SUPPLIED INFORMATION ▸

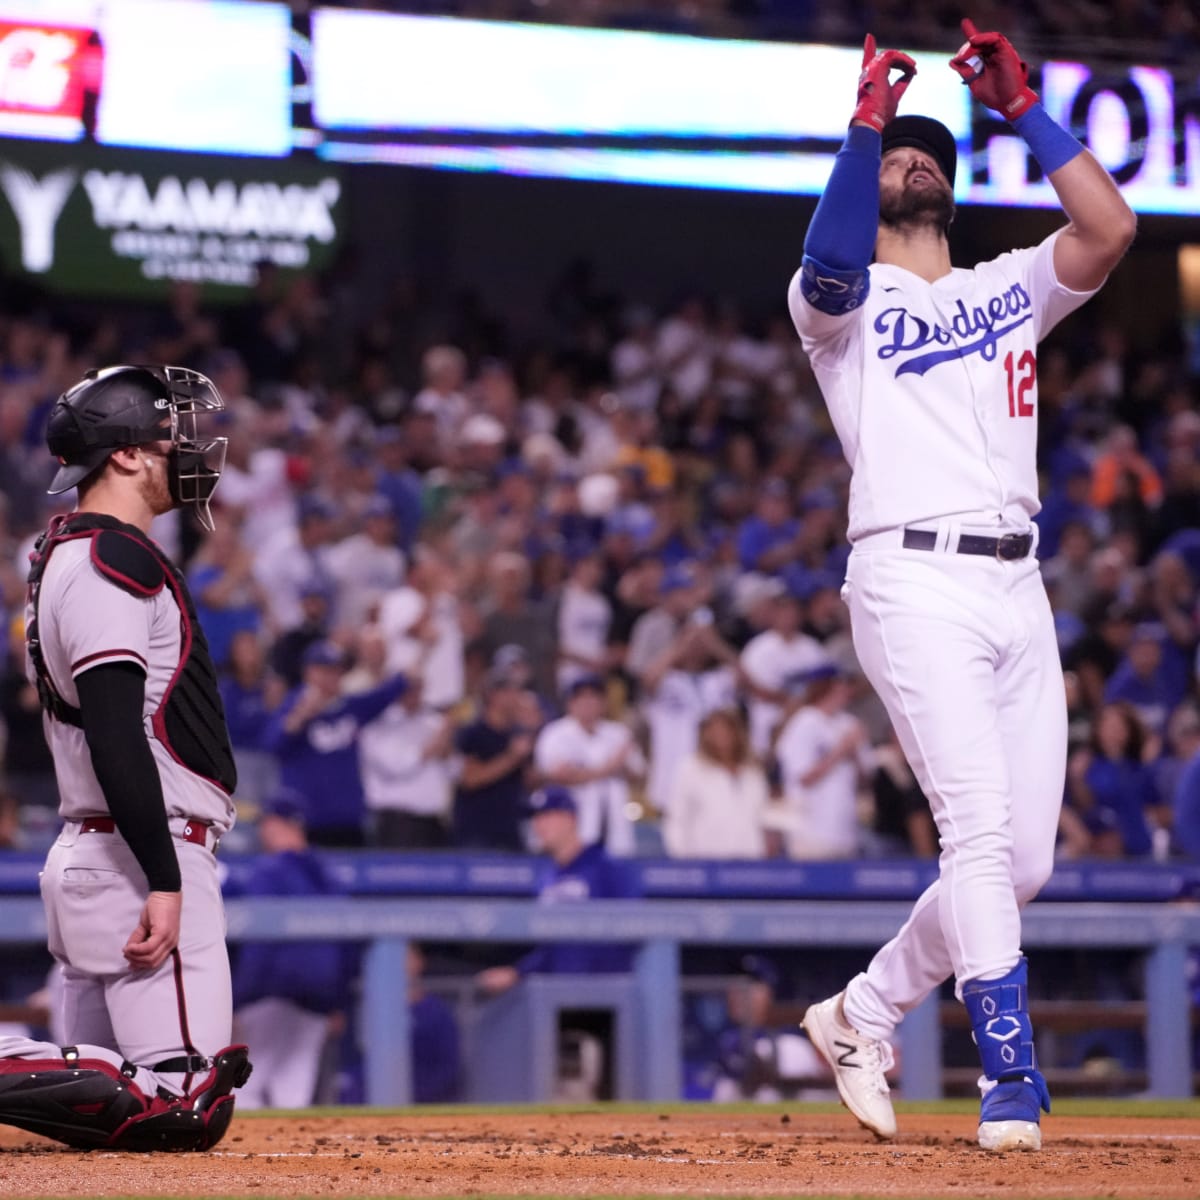 Dodgers OF Joey Gallo's dumbfounded reaction to Mets fans booing
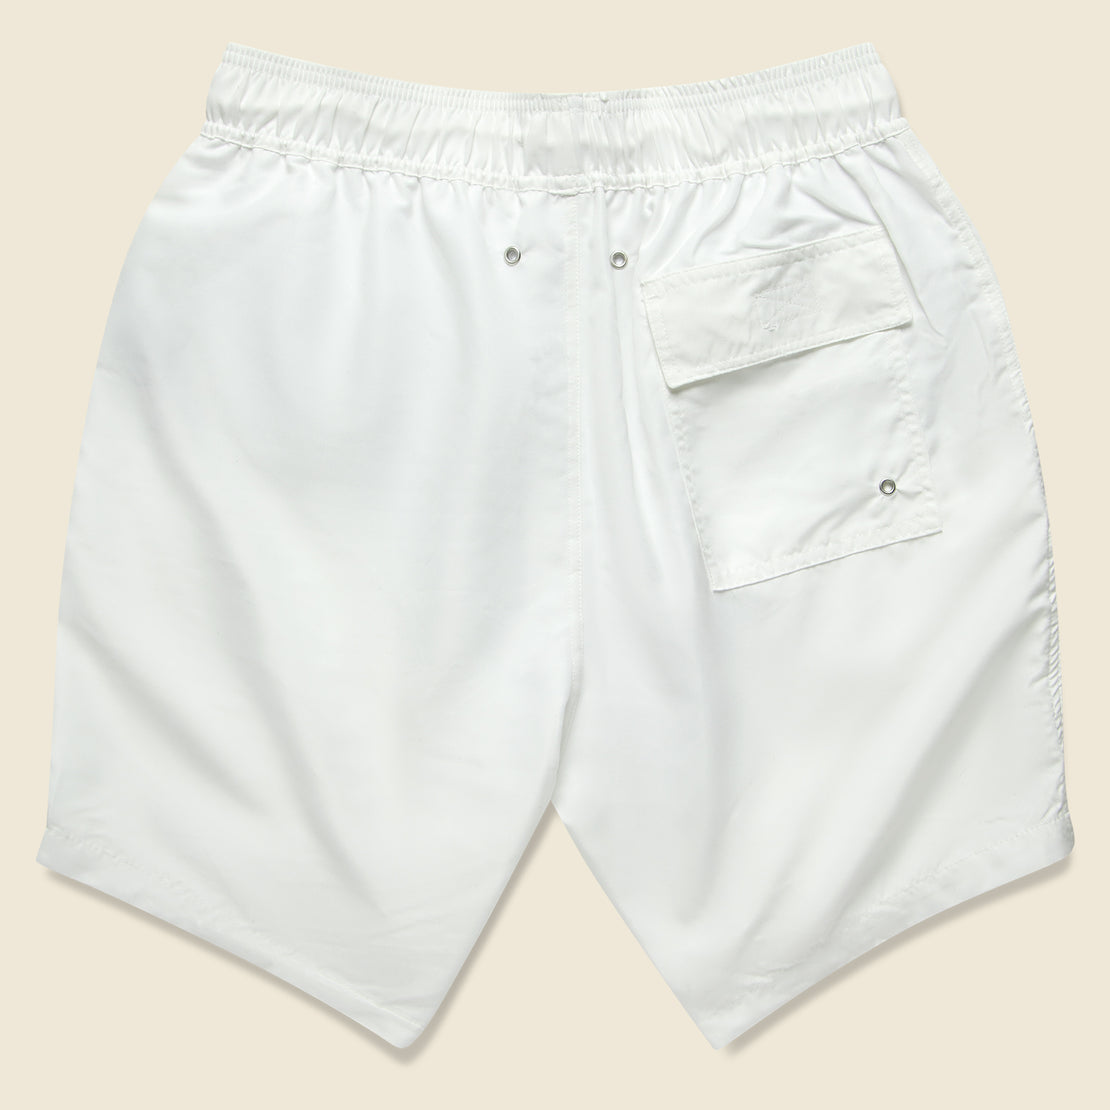 Seal Swim Trunk - White - Penfield - STAG Provisions - Shorts - Swim
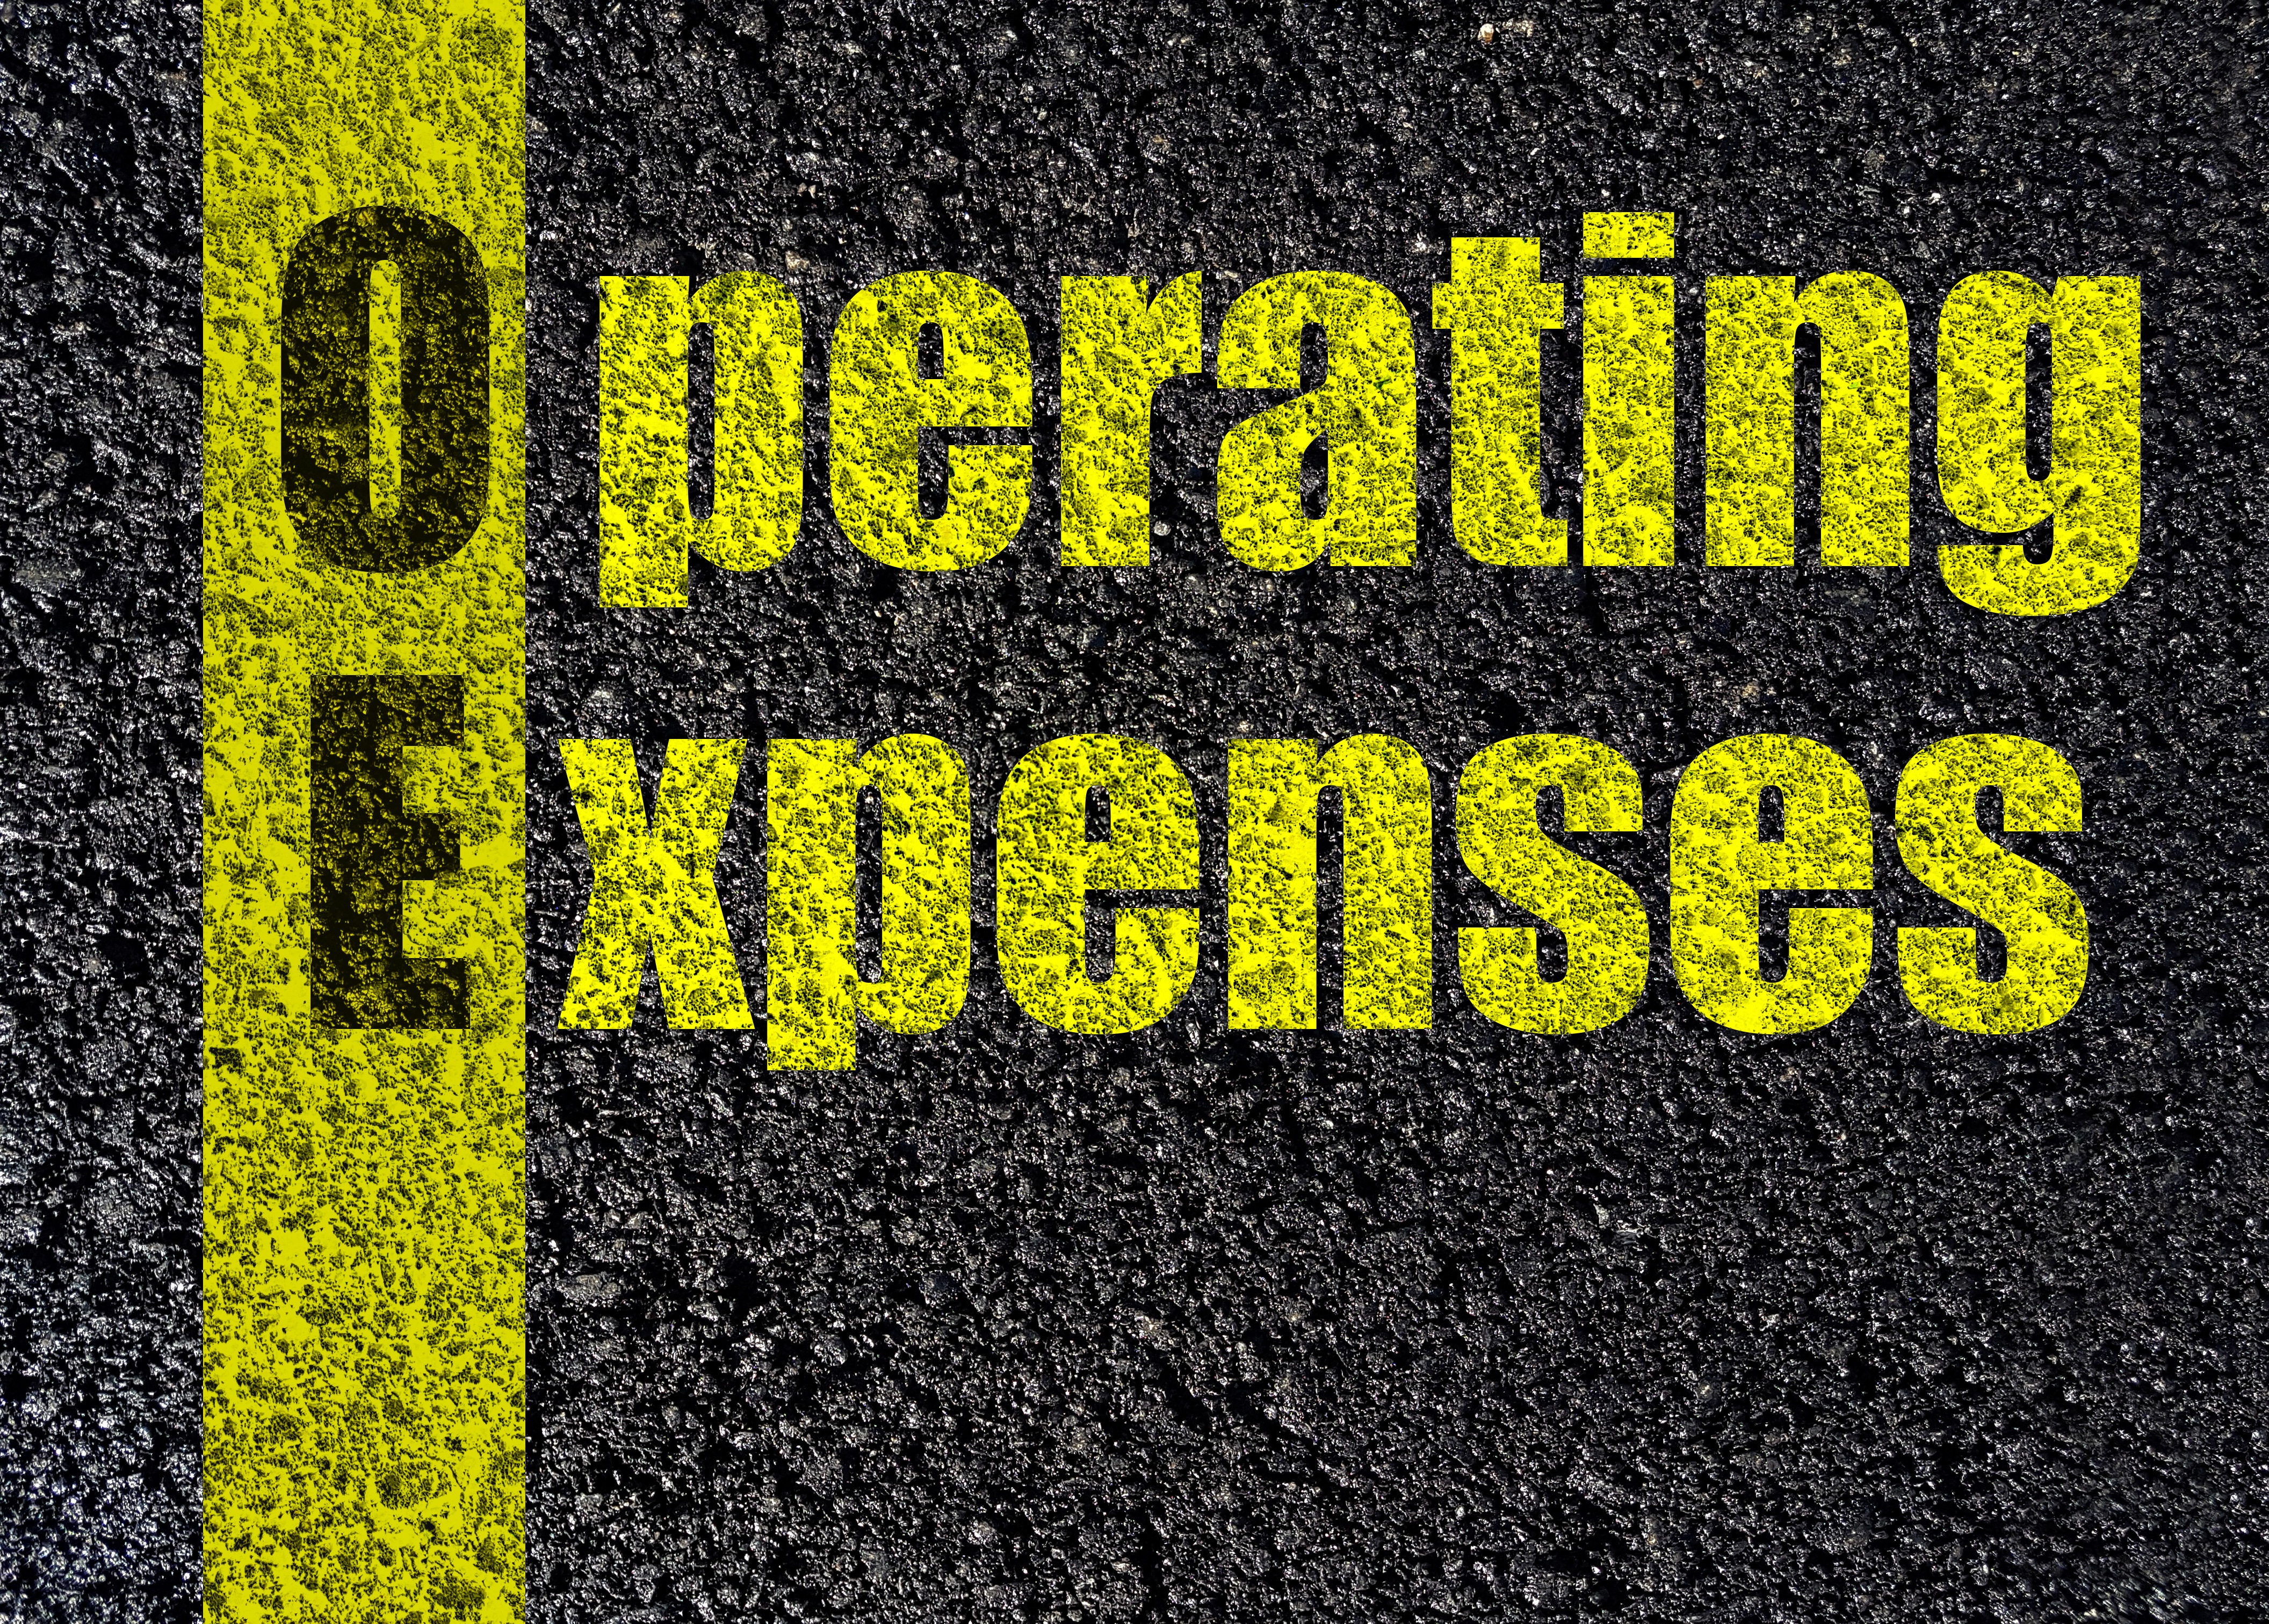 operating expenses

WHAT YOU HAVE TO DO ▸ Would you reproduce the lines above exactly, without carrying over the pictures?

SOLUTION ▸
 Dodgers OF Joey Gallo's dumbfounded reaction to Mets fans booing
 Seal Swim Trunk - White - Penfield - STAG Provisions - Shorts - Swim
 operating expenses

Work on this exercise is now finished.